Dedicated JNLP agents Troubleshooting guide

5 minute read

Symptoms

  • I am not able to connect a JNLP agent to a Jenkins Instance

  • The build has failed because the connection got broken

  • The build is stalled in the queue waiting for the agent

  • The agent is disconnected and cannot connect again

  • Channel is broken warning at logs

  • Any of the exceptions listed below

Diagnosis/Treatment

There are some required data before starting to diagnose the issue that needs to be provided:

1. Requirements

1.A Ensure that the Java version is at least on the same line on both controller and agent

A good practice is to run the exactly same Java version in both Jenkins and agent, but when this is not possible it is mandatory to be running at least the same base line (major version coordinate). Check Supported JDK for CloudBees Core.

Run java -version in both Jenkins controller box and agent to check the java version you are running in both.

1.B Ensure that the version of agent.jar matches with the one

The main problem of running JNLP as an agent Launcher is that when you upgrade Jenkins agent.jar is not automatically upgraded on the agent it happens in SSH Launcher out of the box. It can be solved in Windows by using JNLP + winsw adding the Remoting executable in <download from="${JENKINS_URL}/jnlpJars/agent.jar" to="%BASE%\agent.jar"/>.

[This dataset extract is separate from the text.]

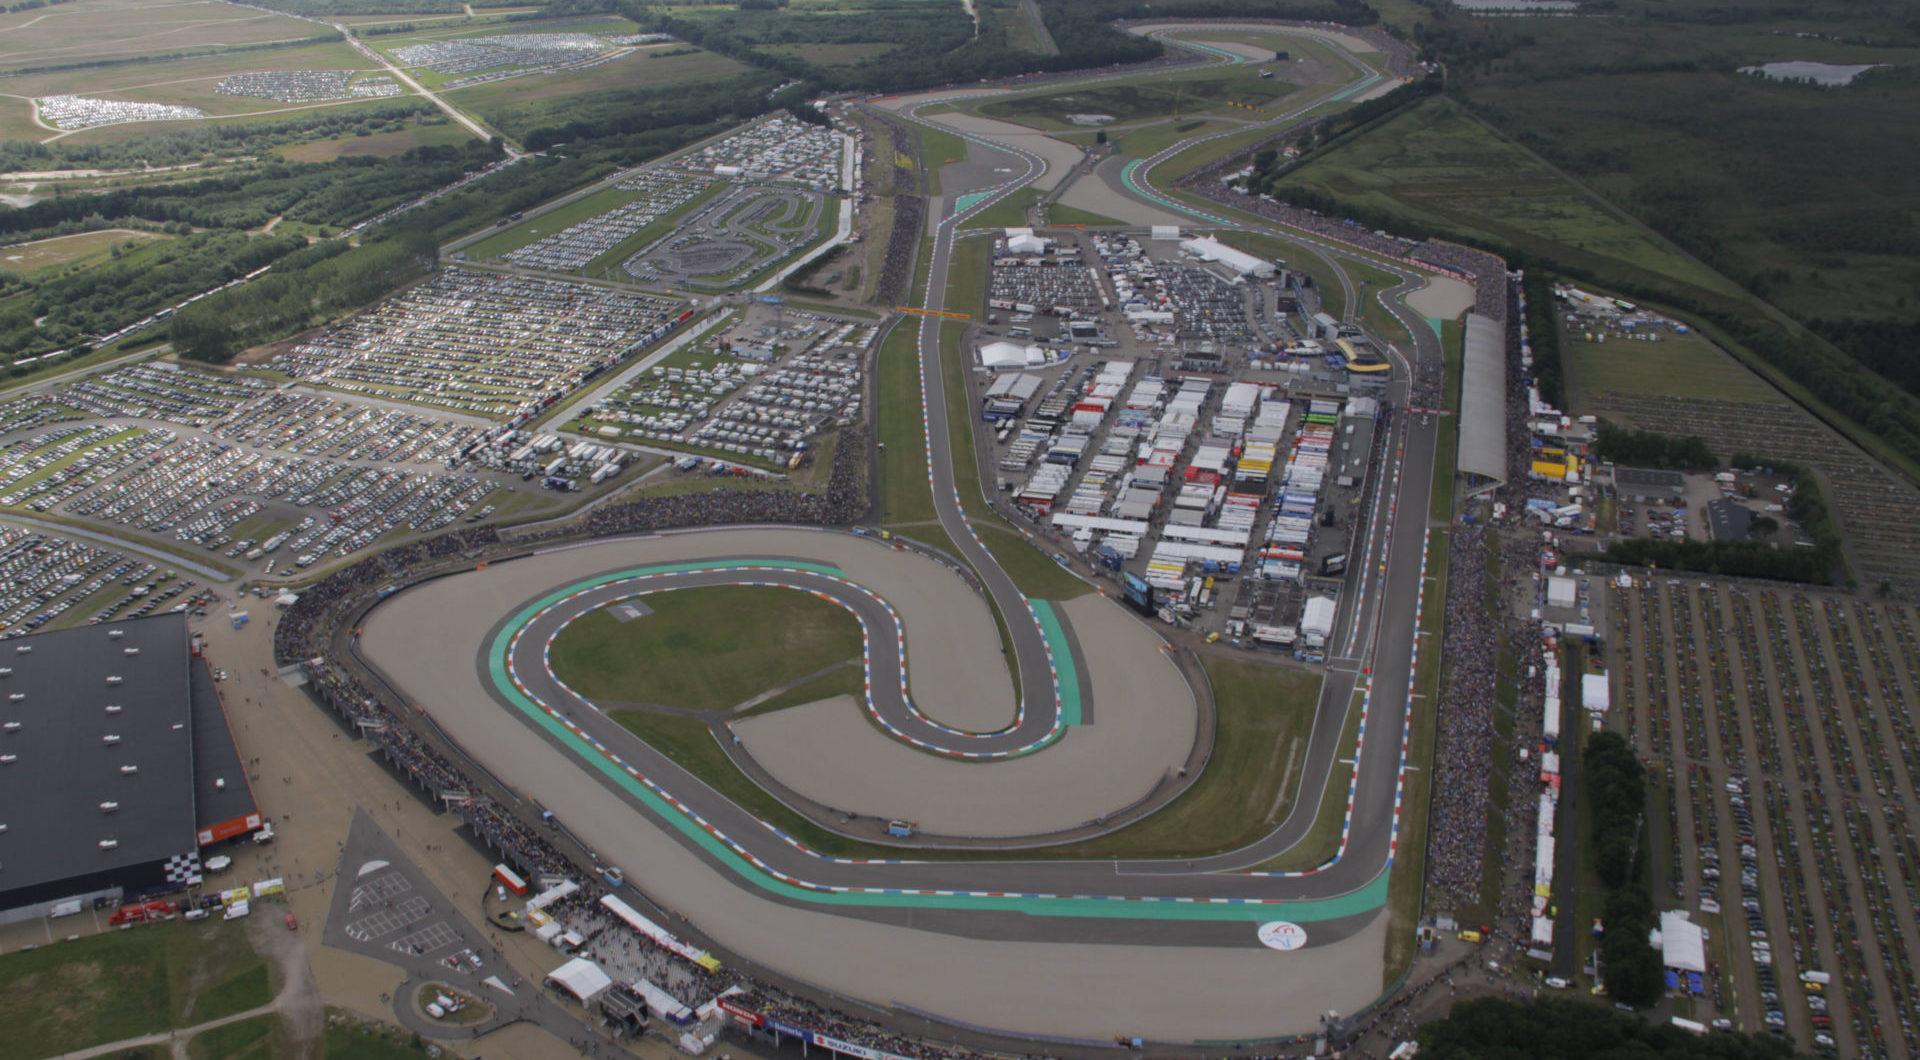 TT Circuit Assen. Photo courtesy Michelin.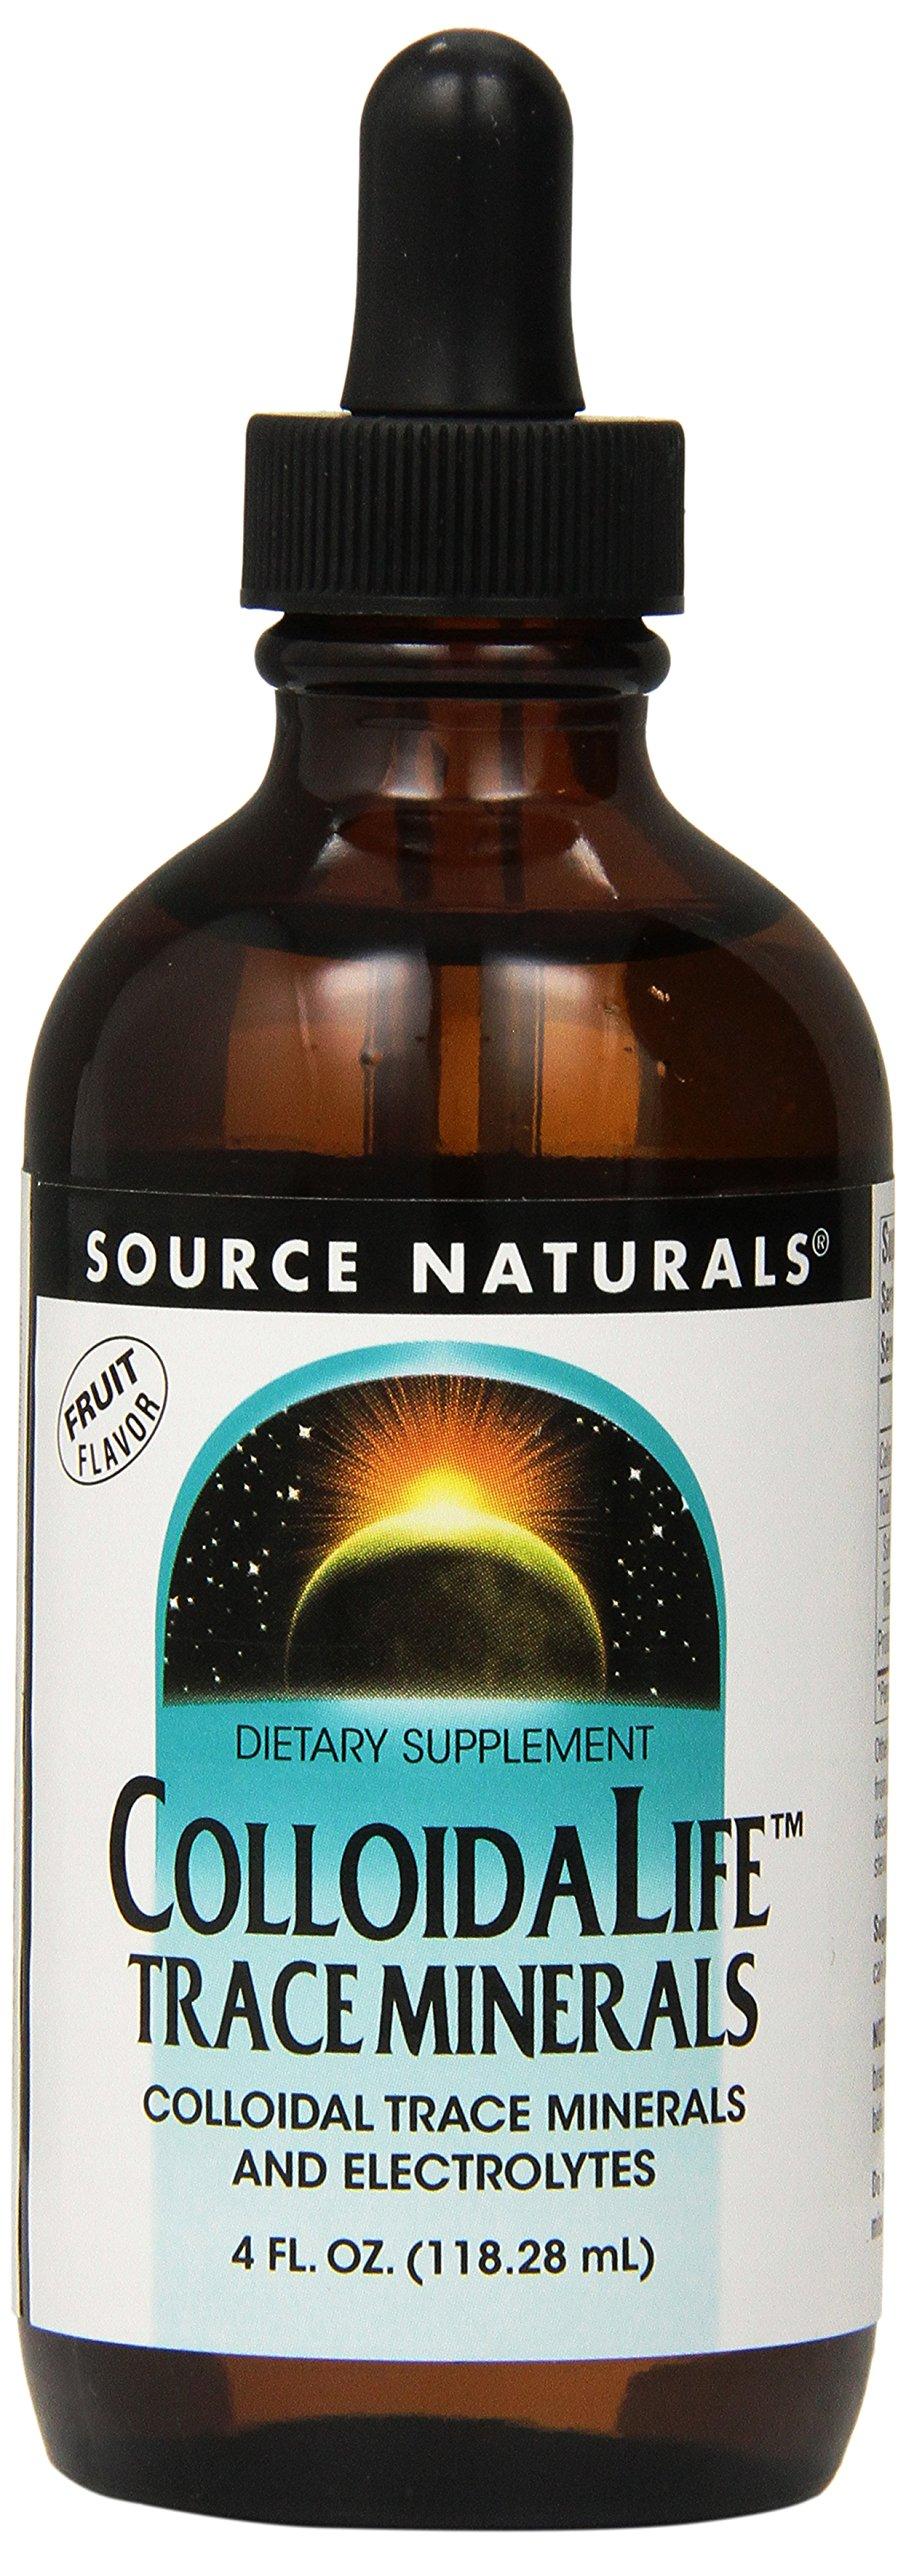 SOURCE NATURALS Colloidalife Trace Minerals Fruit, 4 Fluid Ounce

Check that agent.jar is the same using for example md5sum agent.jar. agent.jar can be downloaded from Jenkins controller from the URL below:

https://<JENKINS_URL>/jnlpJars/agent.jar

Partial solutions:

1.C Connectivities checks

Use jenkins-cli to check the connection

In the agent box, download the CLI and run a help command in your favorite mode. For example, using http mode:

java -jar jenkins-cli.jar [-s $JENKINS_URL] -auth <user>:<token> help
Check that the agent is able to see the JENKINS headers
# curl -IvL <JENKINS_URL> curl -IvL https://jenkins:8443

For Windows, curl command can be available on a Windows box using for example curl Download Wizard or cwyng.

Check that the JNLP port is accessible to the agent
# telnet <JENKINS_HOST> <JNLP_PORT> telnet jenkins.host.example.com 50234

2. Use a different Launch mechanism

For Jenkins >= 2.204.1 LTS, switch to a different Launch mechanism: Connect directly to TCP port.

3. Known issues

3.A. Unable to load class once the loading was interrupted

JENKINS-36991 Unable to load class once the loading was interrupted is resolved and Released in remoting 2.61.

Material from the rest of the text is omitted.